*** MATERIAL FOR THIS EXERCISE
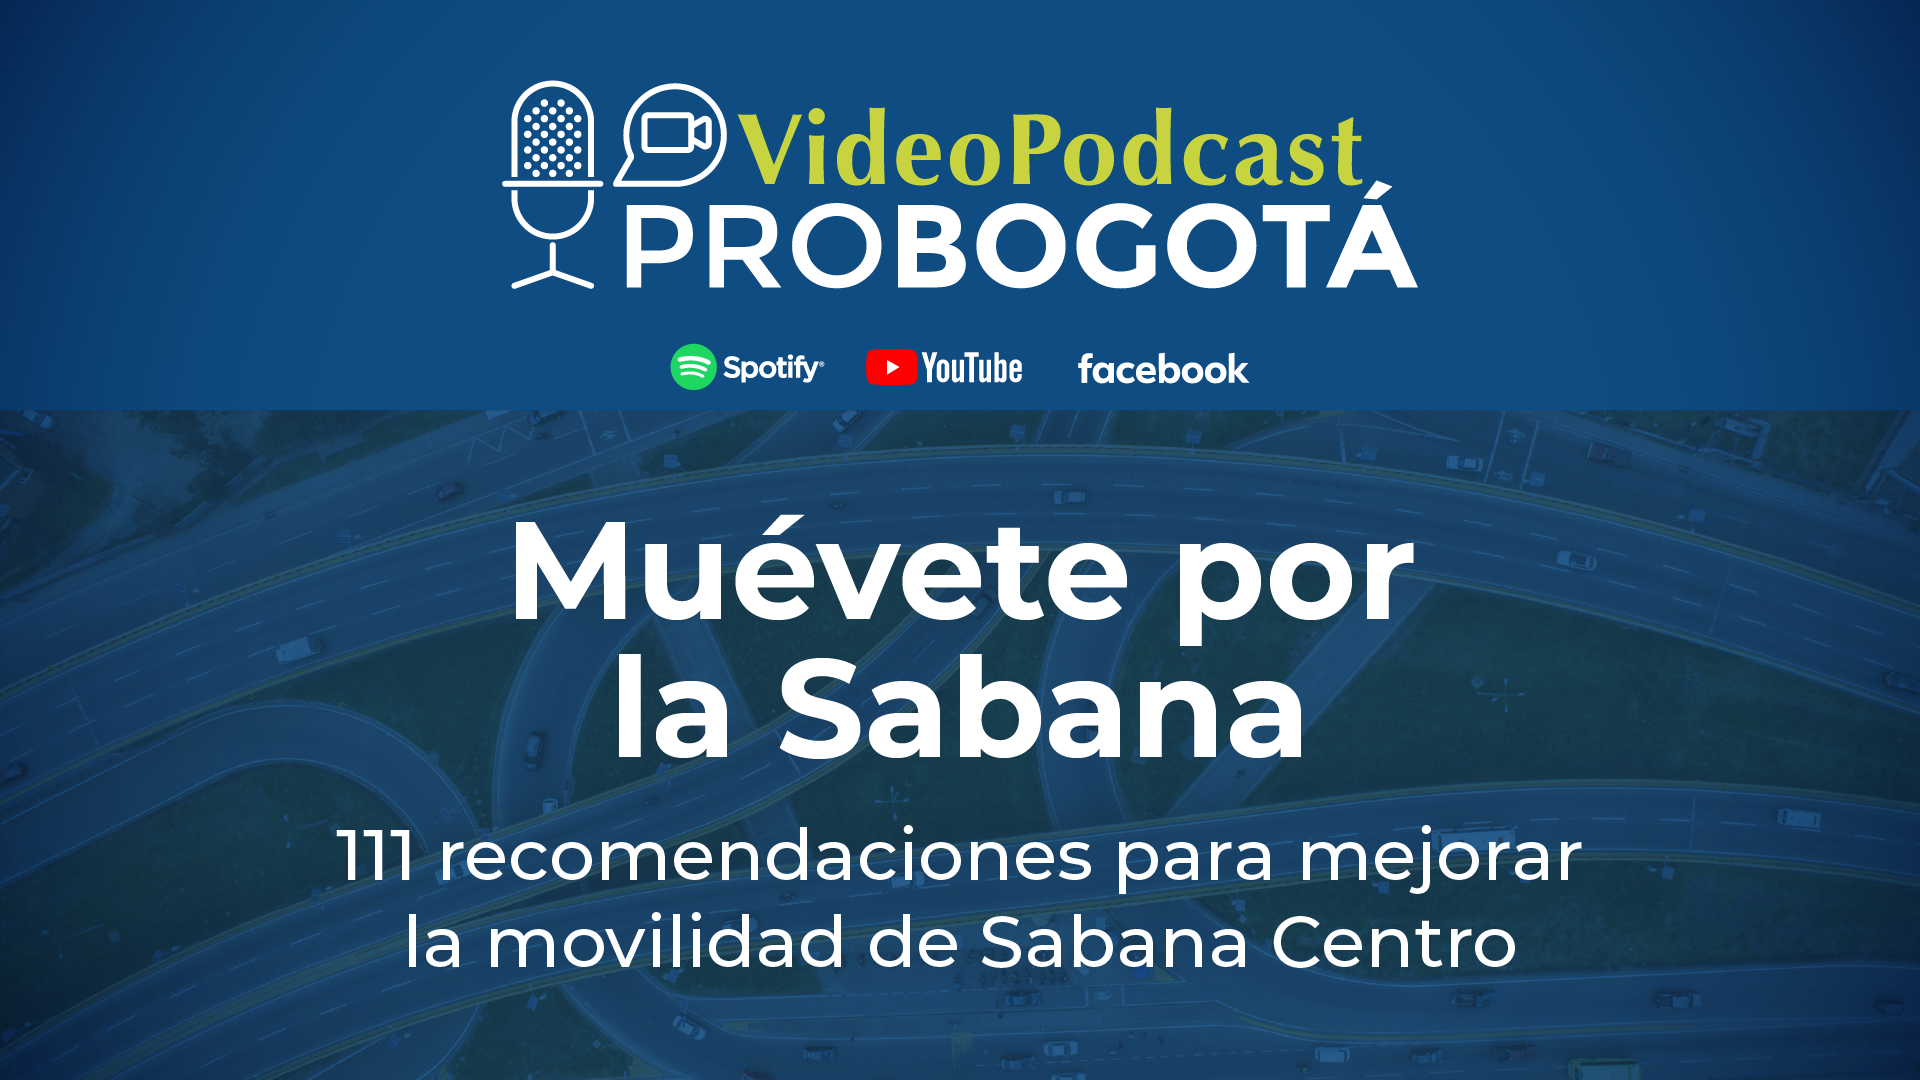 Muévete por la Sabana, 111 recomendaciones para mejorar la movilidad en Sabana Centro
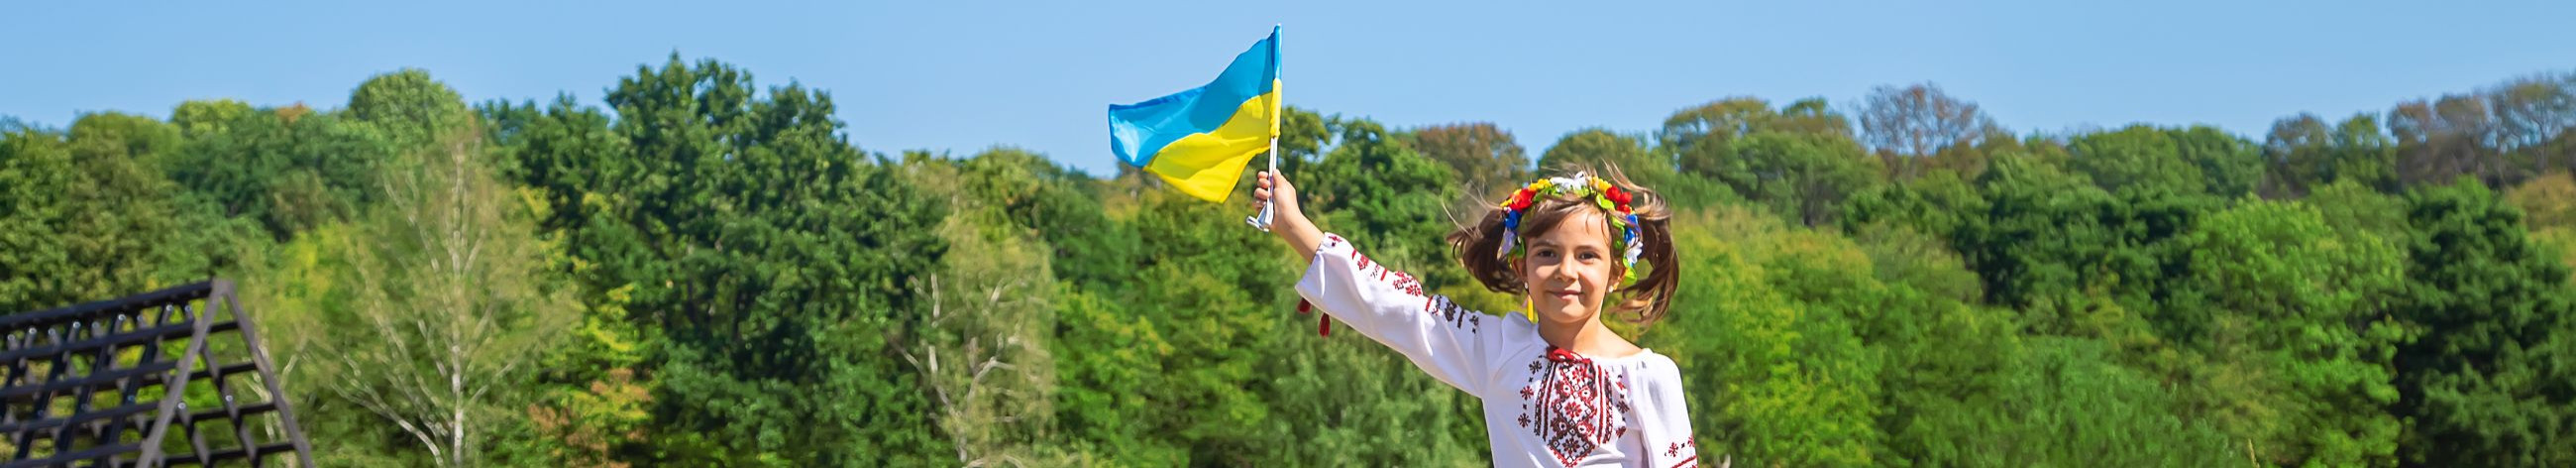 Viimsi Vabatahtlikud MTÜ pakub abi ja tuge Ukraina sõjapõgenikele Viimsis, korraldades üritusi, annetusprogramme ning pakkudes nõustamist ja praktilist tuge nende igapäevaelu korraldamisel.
******
*** MATERIAL FOR THIS EXERCISE
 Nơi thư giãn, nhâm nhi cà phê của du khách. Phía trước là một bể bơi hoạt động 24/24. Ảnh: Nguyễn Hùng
******
## THE PROBLEM
For this exercise, reproduce exactly the lines of the records above from the one with "Muévete por la" up to and including the one with "Viimsi Vabatahtlikud MTÜ", without pictures.

## SOLUTION
 Muévete por la Sabana, 111 recomendaciones para mejorar la movilidad en Sabana Centro
 Viimsi Vabatahtlikud MTÜ pakub abi ja tuge Ukraina sõjapõgenikele Viimsis, korraldades üritusi, annetusprogramme ning pakkudes nõustamist ja praktilist tuge nende igapäevaelu korraldamisel.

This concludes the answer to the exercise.